Толстой знал пристрастие Бакунина к многословию. Но разве не в словесной стихии вылавливал граф все то, что следовало сообщить в Петербург в секретном пакете за многими печатями и условной подписью под текстом?
— Говорите, говорите,— оживился Яков Николаевич и насторожился, как бы что-нибудь но упустить, не запамятовать.

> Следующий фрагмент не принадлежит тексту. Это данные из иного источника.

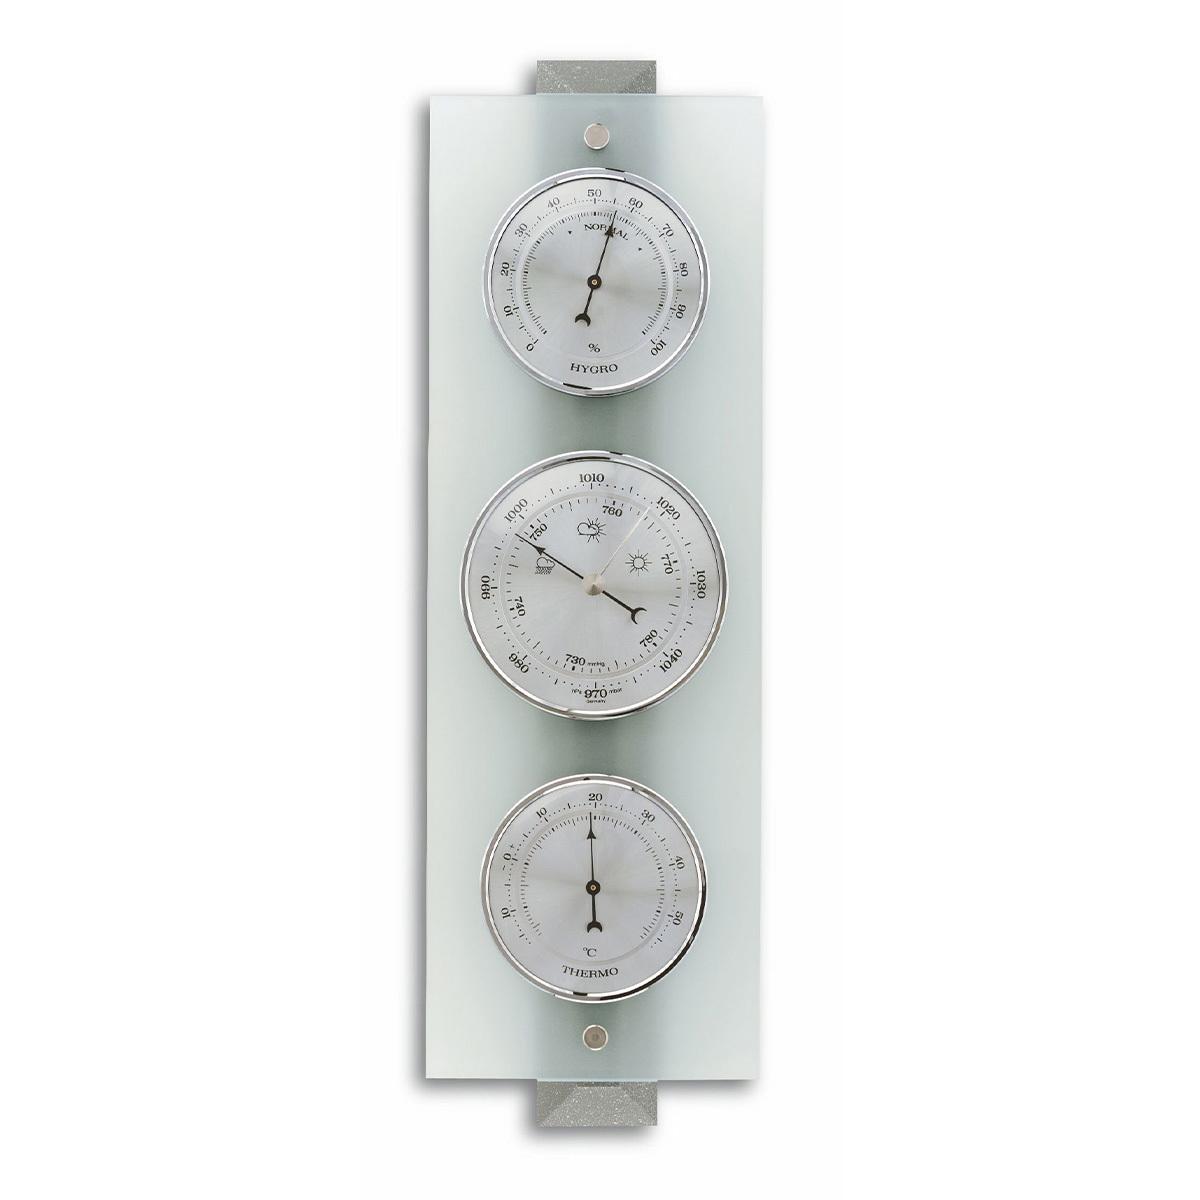 20-1067-17-analoge-wetterstation-glas-1200x1200px.jpg

«Ах, скорее бы изобрели какие-нибудь машины, которые поставишь этак под диван, а они и будут записывать все, что говорится вокруг»,— подумал граф. После пятидесяти лет агент Третьего отделения стал замечать, как резко ослабла его память.
А Михаил Александрович между тем пододвинул поближе к камину кресло, зажег пахитоску, затянулся и, приглушая голос, заговорил.
...Игра в гостиной увлекла картежников, а Еланова убеждала своего поклонника в том, что любить умеют только под небом Италии, куда им обоим и следует отправиться.
— Парижская осень способна убить романтику. Все так серо, так уныло... — И, переходя на сиплый шепот, Еланова начала декламировать монолог гётевской Миньоны:
Знаешь ли чудный край.
Где все радость сулит,
Где все манит, зовет,
О любви говорит...
Михаил Александрович Бакунин рассказывал графу Якову Толстому о кружке Станкевича, этого ученейшего, откликавшегося на все значительное в окружающем мире юноши, кружке, в котором спорили «до петухов» о назначении человека, о смысле жизни, о божестве.
— До этого я был не более чем не закончивший школу прапорщиков, к горести семьи моей, никчемнейший дворянский сын, без должных средств к жизни, без папенькиного наследства... Я зачитывался «Перепиской Гёте с ребенком» писательницы Беттины фон Арним и в ней впервые почерпнул мысли, которые сами не рождались еще в моей голове. Этой книге я обязан пробуждением. Она, подобно электрической искре, поджегшей дерево, вызвала пожар.
— Странно, — процедил Яков Николаевич,— я никогда не чувствовал ничего подобного. Может быть, мне помешало знакомство с автором, дамой весьма мнящей о себе и ума хоть и хорошего, но не превосходного.
— Для меня она муза, вдохновившая гения,— мечтательно ответил Бакунин.— В тридцать пятом году мы все изучали «Критику чистого разума» Канта, а затем принялись штудировать Фихте. Я искал бога, мучительно искал его. И что же? Отверг все и пришел к воинственному отрицанию. Я жаждал верить, но понял, что не постигаю абстракцию, а то, что доступно мне, пусто. Пантеизм не помог мне обрести божество. Природа мертва и обречена. И богом стал для меня человек.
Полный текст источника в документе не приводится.